Help them get support if they’re homeless

Many people on the streets know that help is available. But they may not know how or where to access it.

If you’re concerned about someone who may be sleeping rough, you can contact StreetLink. This UK-wide charity will then work with the local authority to put the person in touch with the relevant support services.

You don’t have to speak to the person you’re worried about if you don’t want to.

Over to you

Do you give cash to people who beg? In what ways do you help them? Do you think we should we help them at all?

Image credit: Flickr/tantek

  • Interesting.

    A little non understanding of the differences of ‘RoughSleeping’, and the abused ‘Homeless’ word, & the integrity of charities that live on our back.

    We don’t beg. We are in the libraries.

    There is no help available.

    “This UK-wide charity will then work with the local authority to put the person in touch with the relevant support services.”. = Tick the box, take your cut, and pass the buck to someone else = argumentum ad nauseam, or argumentum ad infinitum after it goes full circle.

    I think that you would benefit greatly from reading my posts on this subject. I could re post it here, but there is enough repetition already. Just click on the icon.

    (9.0624 x 10K hours expertise, Boots on the ground, 3776 Days, @ 1.4883 pence/day) @


    At Xmas, when giving food, please put it in the polystyrene takeaway boxes, then re microwave it, so that it stays piping hot while we eat it. Nothing worse than freezing food, done as a flat artistic pattern, on a freezing flat plate, in the freezing wind, at Xmas. When it is cold, we want food that burns our mouths.

  • Thanks for your comment and perspective on this. Where do you post about this? Feel free to add the link.

  • You could have clicked on my avatar, and been led to extra links, or the link in the above post, and been led to extra links.

    There are some links here.

    Problem is that I post on most UK Newspapers on this subject, and some don’t list all your posts when you click on the avatar. So, I am working on a solution to this.

    In the new year, I will gather all the postings from all the papers, and sites, and put them in a folder, with the photos. This will have the advantage of also showing postings that have been censored out, at the requests of some ‘charities’.

    The photos, that are presently too small to be immersive in our world, should be re hashed by Xmas, so that they are considerably: more numerous, bigger, more immersive.

    Further links for now:

    (9.0720 x 10K hours expertise, Boots on the ground, 3780 Days, @ 1.4868 pence/day) @

  • Lily Smith

    Thank you for your comment as a proper ‘Rough Sleeper’. Too many people do not know the difference!


    As human being we have some responsibility, why only NGOs will do. why we not create something which helps NGOs work.
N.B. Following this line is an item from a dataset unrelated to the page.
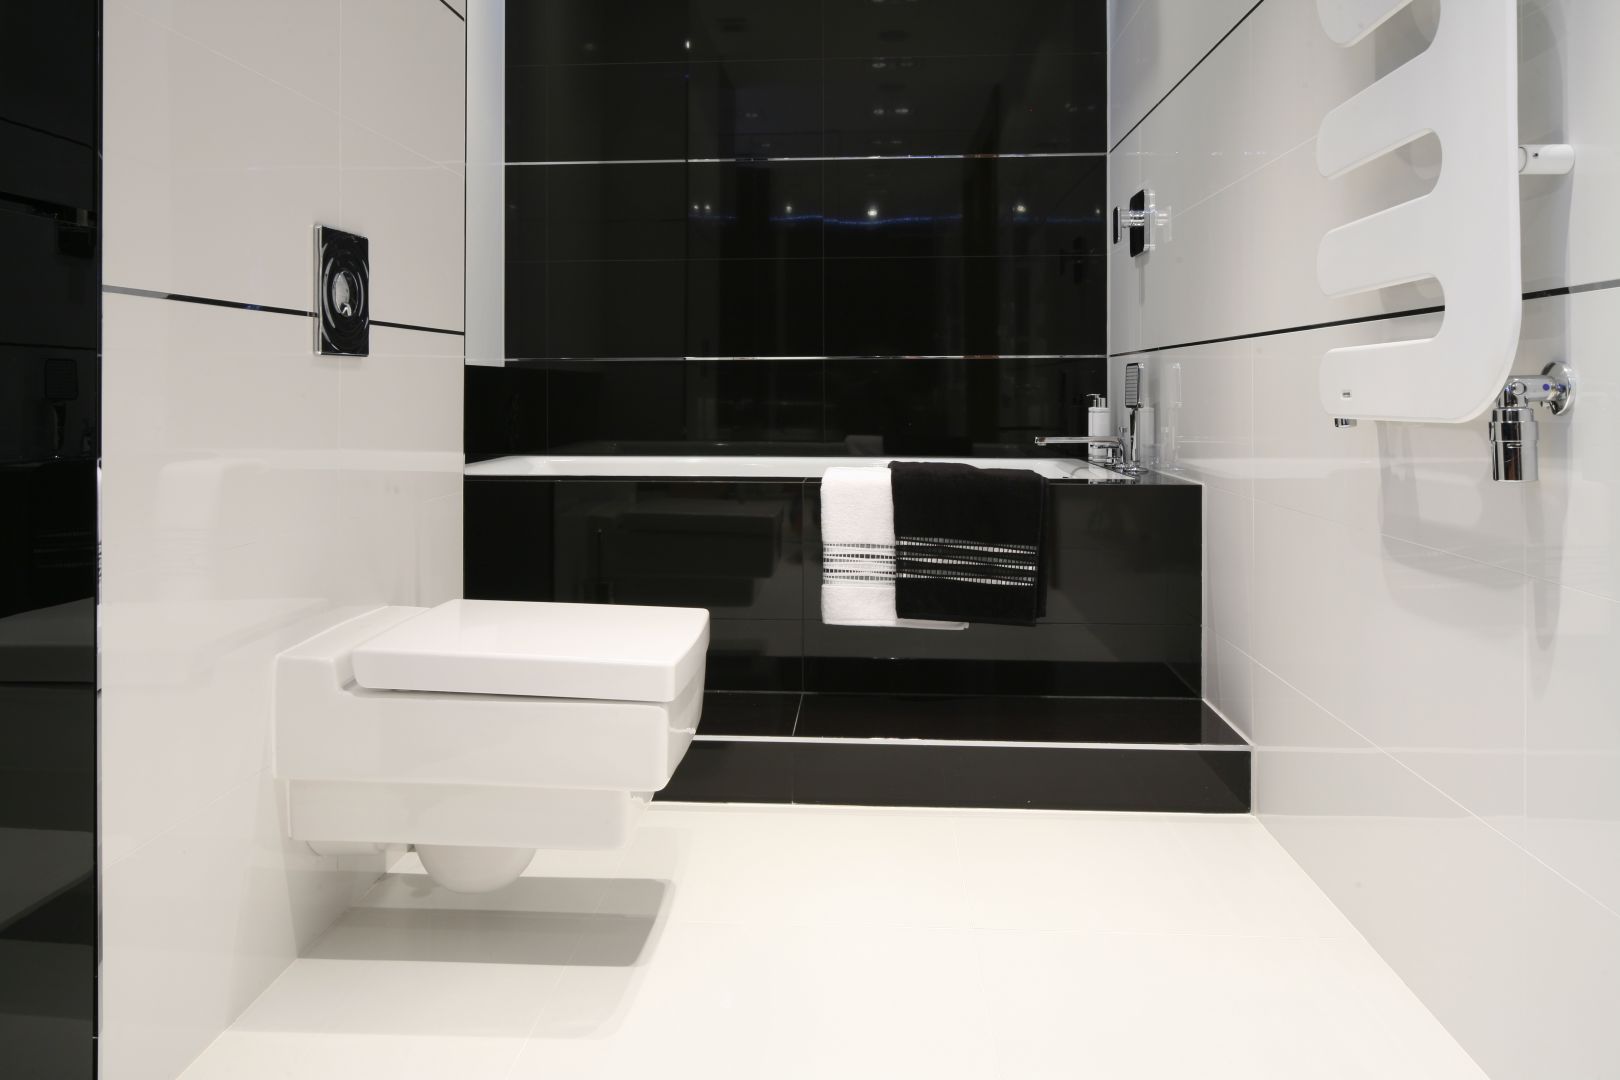 Czerń i biel to doskonały pomysł na modną, ale też stylową łazienkę. Jeśli wnętrze jest niewielkie, lepiej zastosować większą ilość białego koloru. Projekt: Anna Maria Sokołowska. Fot. Bartosz Jarosz

Giving the money to charity or beggars is not a solution, Beggars have their gang and in the gang the children are trapped or kidnapped,drugs addiction etc.

  • Nathaniel Botha

    I give to beggars. Its not my place to judge why they beg or what they will do with the money – they are needy and I help the needy as often as I can whenever I have whether with money, clothing or food. These people (for the most part) are not ignorant, they know that they have descended below all human decency BUT its my place to psycho-analyze or judge. They thank me and the Lord blesses me day by day – in times in my life when I’ve worried about finances or had difficulty: I called upon the Lord, saying: When thou wast an hungered, gave I not thee meat: when thou was thirsty, I gave thee drink: when thou was a stranger, I took thee in; naked, I clothed thee; when sick I visited thee and when in prison I came unto thee. Where now is my blessing o Lord; he always answers and He is always faithful. When you don’t give the beggar (while having); what is your reason, I wonder? Do you say no: I don’t give money to beggars and drive off; or do you say I don’t have (while having) – either way your lie or selfishness will eventual erode your conscious and desensitize you to helping the less fortunate ever. This is the end result of ‘not giving to beggars’ it leads to not giving at all and such a person will ultimately revile the poor and as the scriptures say: “grind the face of the poor”.